Au soutien de leurs prétentions et en premier lieu s’agissant de la demande de sanction de la banque au titre de la clôture de leur compte courant, la SCI AUBI et M. [Z] [G] se prévalent des formalités de l’article L312-1-1 du code monétaire et financier et assurent qu’il ne peut y être dérogé même en cas de solde débiteur ou d’échéance impayée. Ils ajoutent que la fermeture du compte a été réalisé à l’expiration d’un délai d’un mois, et non de deux mois, prévu légalement et que la SCI n’est pas parvenue à ouvrir un nouveau compte bancaire. Ils sollicitent en réparation une somme de 500 euros chacun de dommages et intérêts.
La SCI AUBI et M. [Z] [G] soutiennent ensuite que l’engagement de caution souscrit était disproportionné au regard des éléments contenus dans sa fiche patrimoniale et dans son email du 10 octobre 2018. Ils soulignent que cela correspondait à ses revenus pour son ancienne activité et que ses charges, même résultant de son activité professionnelle devaient être prises en compte pour avoir un impact personnel. Ils précisent que M. [Z] [G] avait une dette à l’égard de son épouse qui avait assumé le coût de la majeure partie de leur résidence principale. M. [Z] [G] ajoute avoir désormais divorcé en bénéficiant d’une somme modique dans le cadre de la liquidation de l’indivision communautaire et ne posséder aucun bien immobilier. Il déclare être associé avec sa sœur dans la SCI AUBI.
Les défendeurs développent encore que la banque a manqué à son obligation de mise en garde à l’égard de M. [Z] [G]. Ils défendent que celui-ci était une caution non avertie, malgré sa qualité de dirigeant de la SCI. Celui-ci détaille son expérience antérieure et précise que la banque ne lui a demandé aucun élément pour apprécier ses connaissances. Il assure que la banque n’a pas attiré son attention sur les risques liés à la multiplication de ses engagements dans le cadre de l’opération globale envisagée.

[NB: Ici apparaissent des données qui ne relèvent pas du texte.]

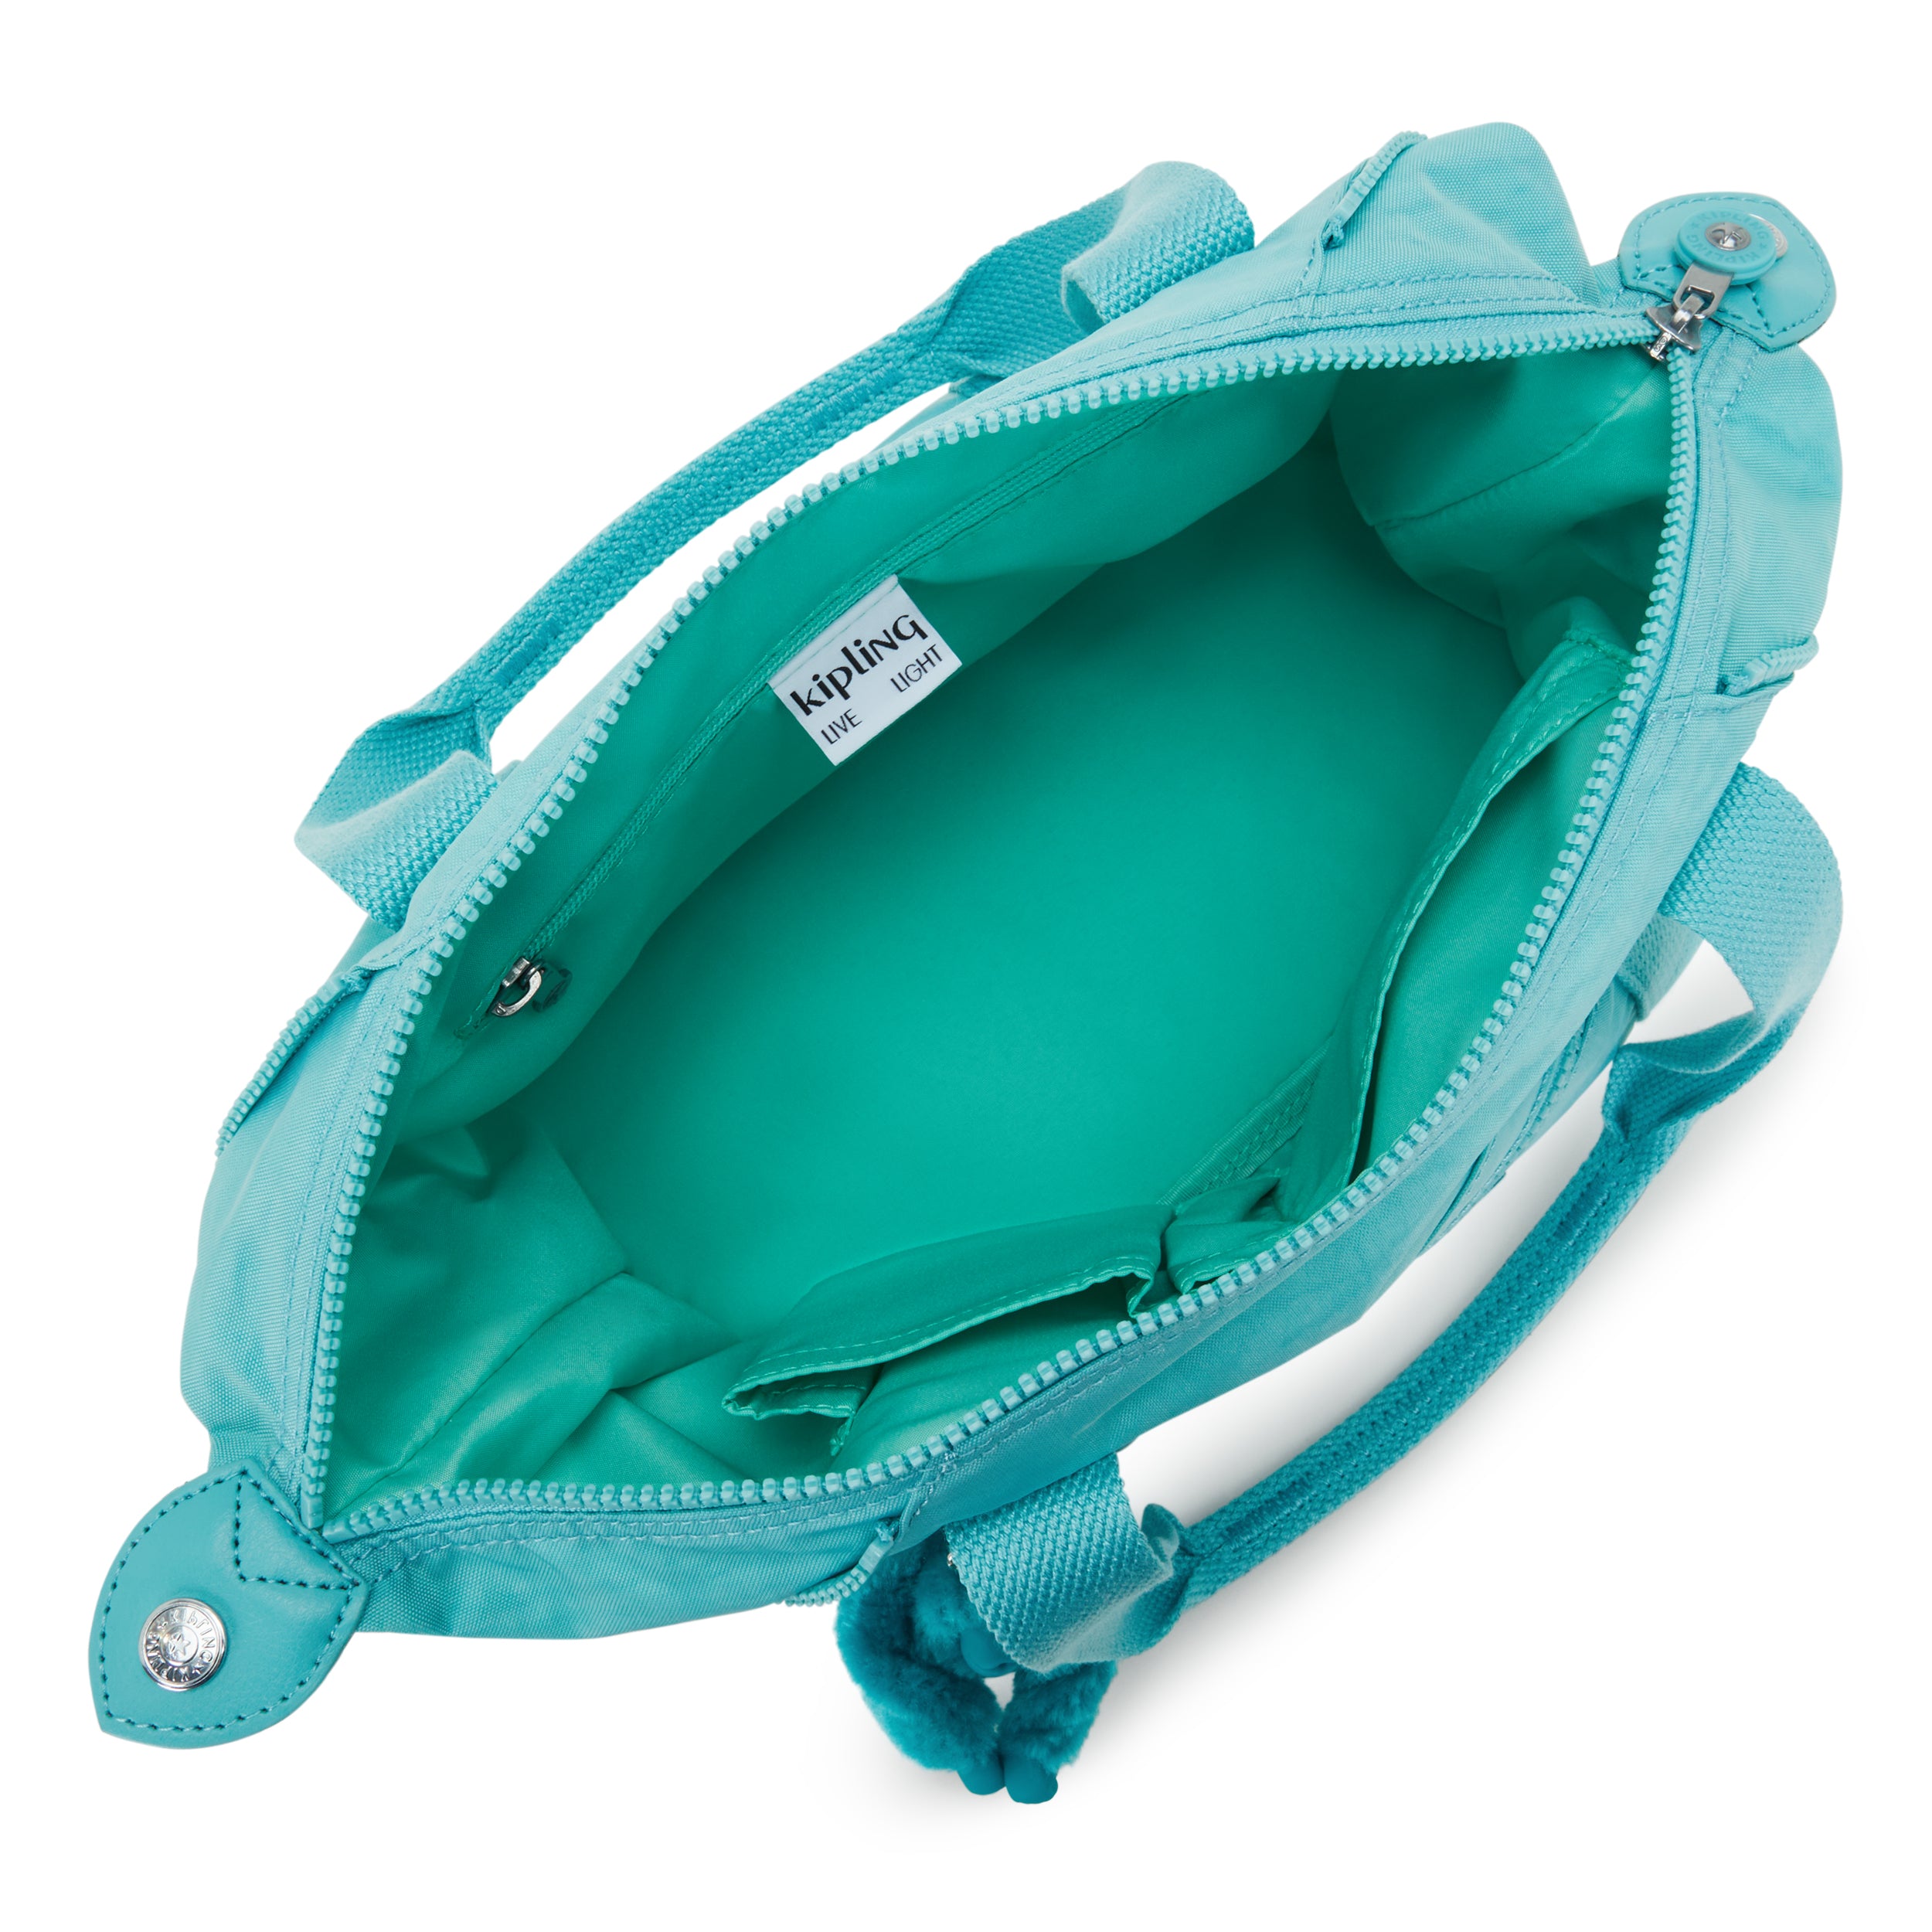 KIPLING-Art Mini-Small handbag (with removable shoulderstrap)-Deepest Aqua-01327-T6E

M. [Z] [G] expose ensuite n’avoir jamais reçu la lettre d’information annuelle, de sorte que la SA SOCIETE GENERALE a manqué à son devoir d’information pendant le cautionnement et doit donc être déchue de son droit aux intérêts.
Les défendeurs arguent en conséquence de l’existence d’un préjudice résultant de la perte de chance de refuser l’engagement de caution, préjudice qu’ils évaluent à hauteur de 65.000€. Il est également sollicité une compensation avec toute condamnation qui serait mise à leur charge.
En tout état de cause, la SCI AUBI et M. [Z] [G] sollicitent des délais de paiement. Il est exposé que la SCI n’a pas de revenus locatifs et est en pourparlers pour la vente du bien immobilier et que M. [Z] [G] n’a plus de revenus professionnels stables.
Par application des dispositions de l’article 455 du code de procédure civile, il sera renvoyé aux écritures des parties pour plus ample exposé de leurs prétentions et des moyens à leur soutien.
MOTIFS :
Il sera au préalable constaté que la SOCIETE GENERALE, partie demanderesse initiale à la procédure, ne formule désormais plus aucune demande.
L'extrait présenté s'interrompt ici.